Thursday, 22 June 2023 07:55

Editorial: Dead and buried?

Written by  Staff Reporters
HWEN was already on shaky ground with delays meaning it would struggle to be legislated before the election. HWEN was already on shaky ground with delays meaning it would struggle to be legislated before the election.

OPINION: To Paraphrase the Monty Python dead parrot sketch, it looks as though the much maligned and deeply unpopular He Waka Eke Noa (HWEN) agricultural emissions plan has: … ‘… passed on! Is no more! Has ceased to be! Expired and gone to meet its maker! Bereft of life, it rests in peace!’

HWEN was already on shaky ground with delays meaning it would struggle to be legislated before the election. This was on top of recent reports surfacing of a breakdown in negotiations between the Government and farming groups on a final deal.

The National Party released its agricultural emissions policy last week, which shows it has backed away from the current HWEN plan and will instead introduce a new way to get collective agreement around farm emissions. It would scrap HWEN and give the farmers until 2030 to sort out the problems relating to dealing with emissions – a move that has been largely endorsed by farmer lobby groups.

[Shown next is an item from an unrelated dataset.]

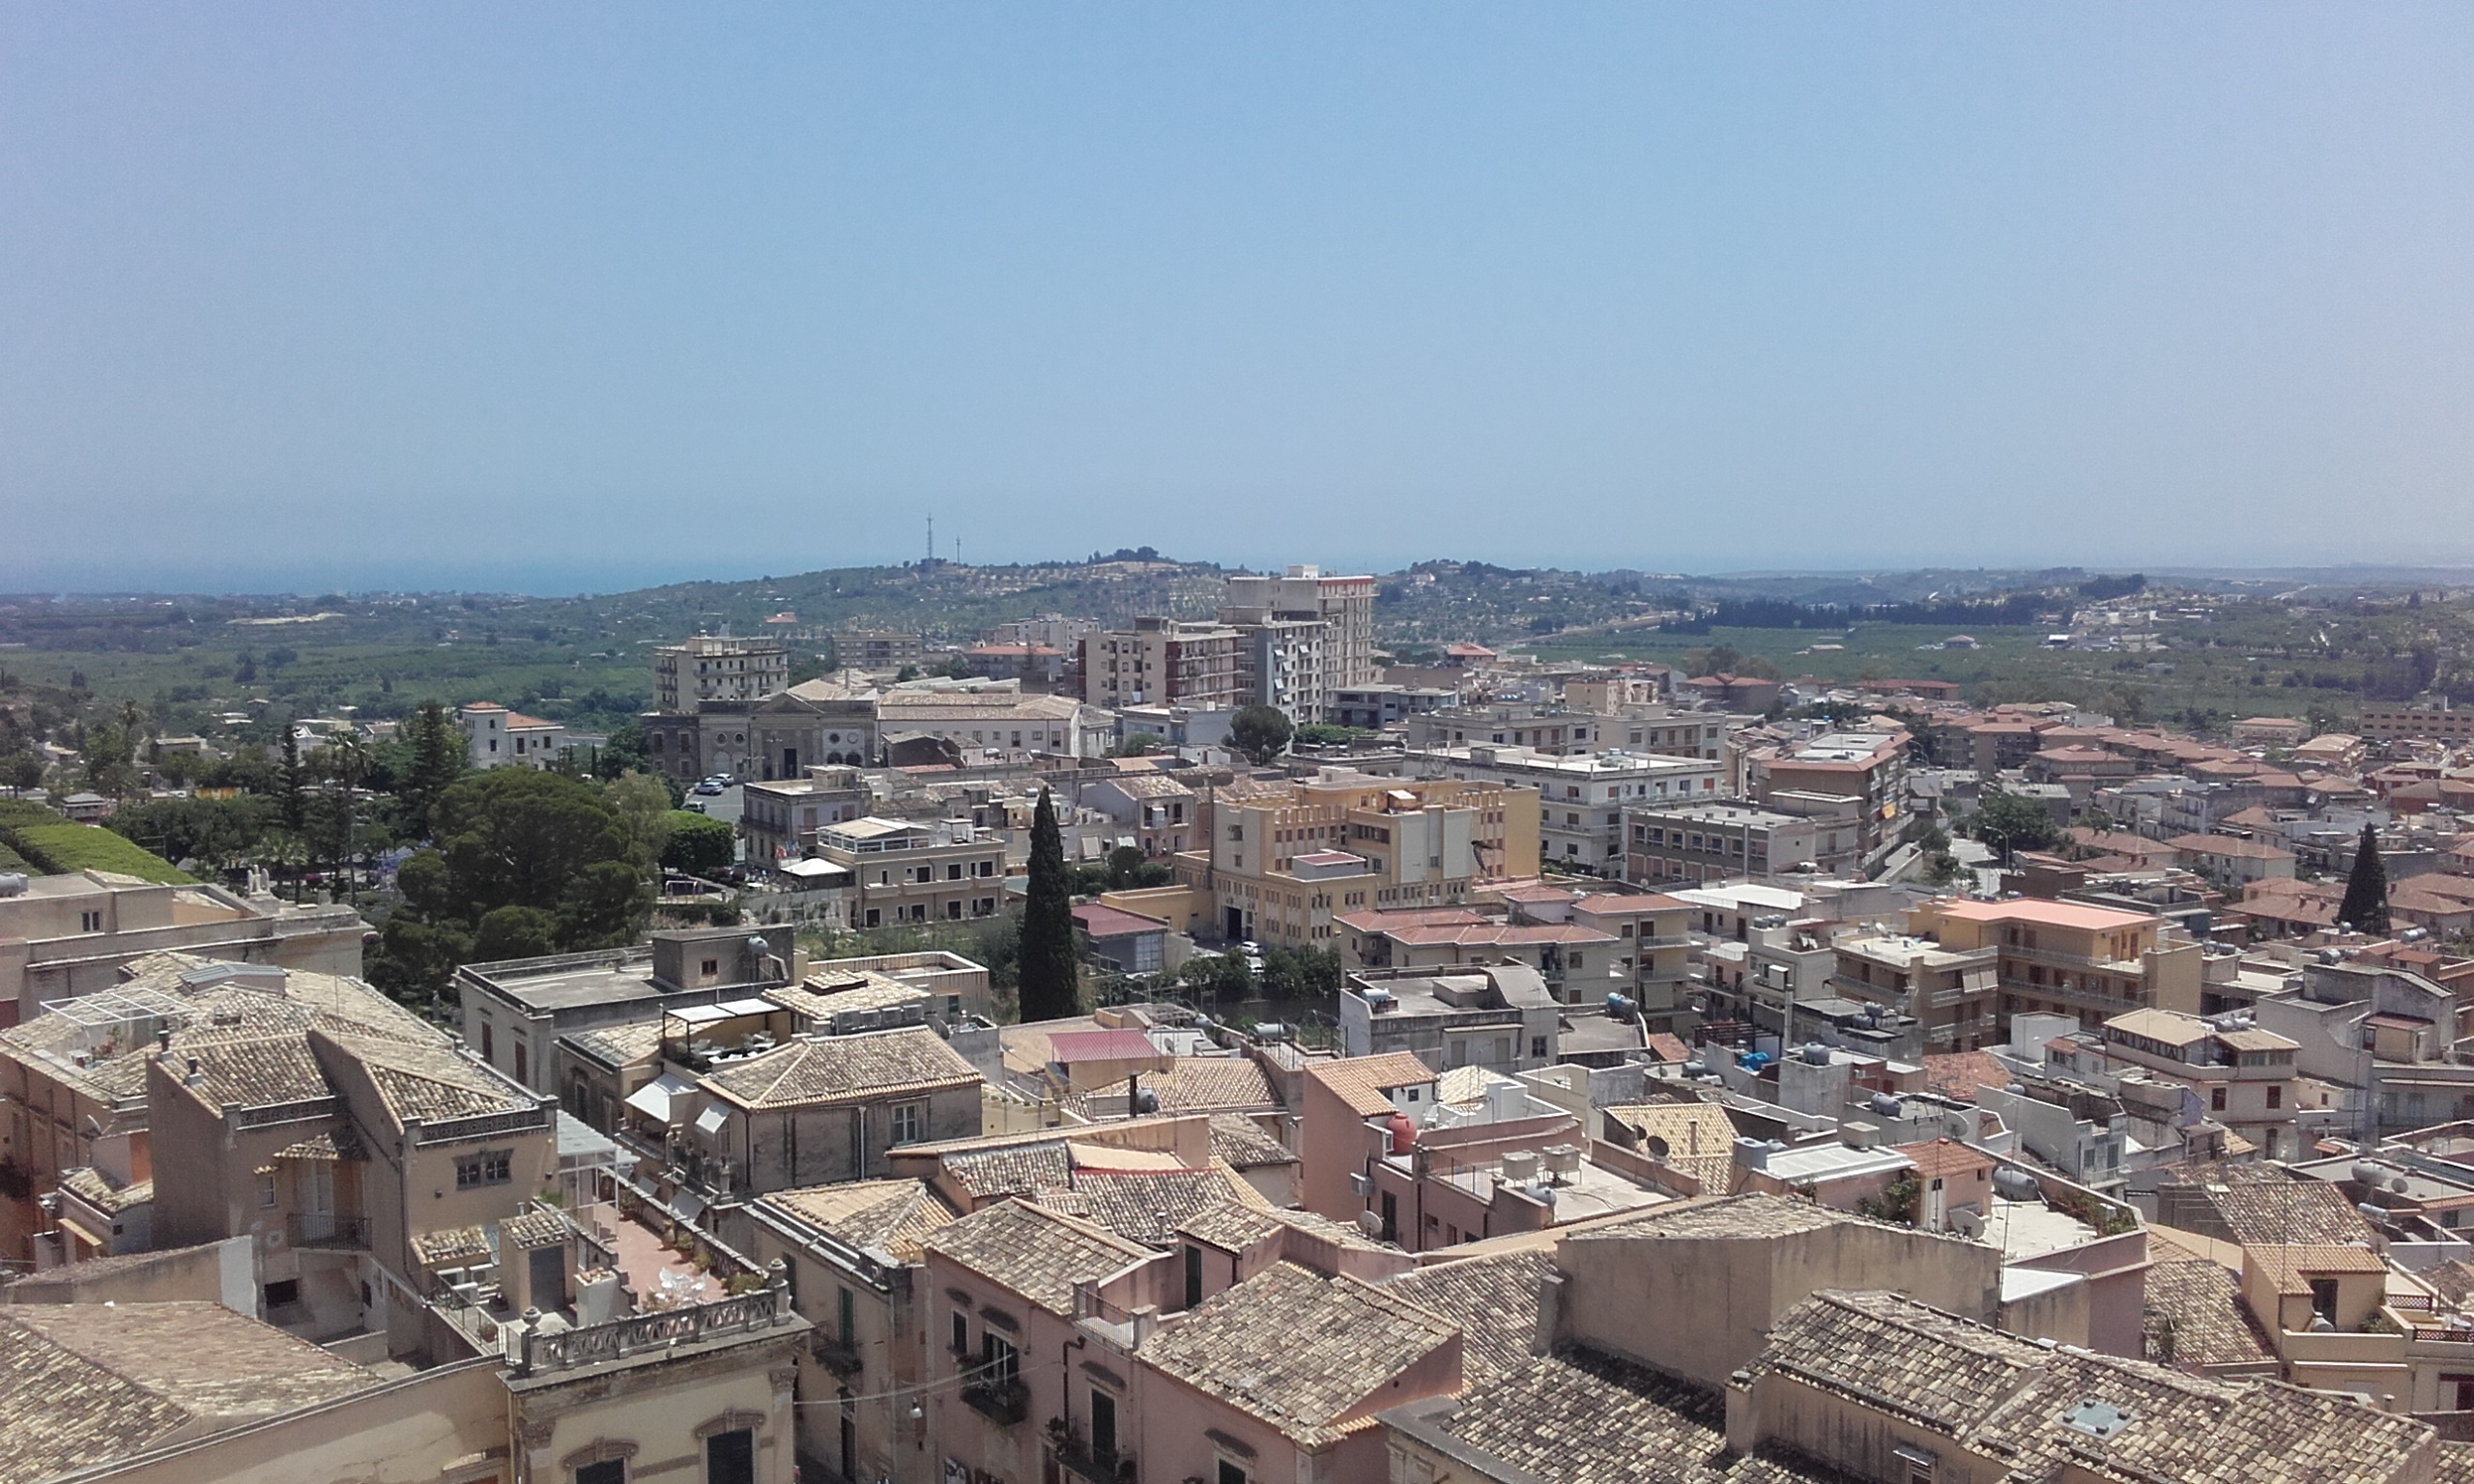 Vistas de la ciudad de Noto desde la Basílica del Santo Salvatore

Key parts of National’s policy include giving farmers the tools they need to reduce emissions – including recognising on-farm sequestration, measuring farm-level emissions by 2025 and updating biotech rules; keeping agriculture out of the ETS but implementing a fair and sustainable pricing system for on-farm agricultural emissions by 2030; and establishing an independent board – with a power of veto retained by the Ministers of Climate Change and Agriculture –to implement the pricing system.

National will also limit the conversion of productive farmland to forestry for carbon farming purposes to protect local communities and food production, as well as promising to review the methane targets.

Meanwhile, despite not having met with agriculture sector leaders since becoming PM Chris Hipkins – and a coterie of ministerial colleagues – met up with farming leaders at last week’s Fieldays to try and get HWEN back on track and lure them away from National’s attractive proposition for dealing with agriculture emissions.

However, one would bet – from the flack farm sector leaders have taken over their meek interactions with Government over HWEN in recent years – they are likely to nod politely and wait for the outcome election before committing hare kari.

Ironically, despite the stumbling block of getting agreement on-farm emissions, the latest Stats NZ figures show that farmers are on track to achieve a 10% reduction in greenhouse gas emissions by 2030 without needing a pricing mechanism.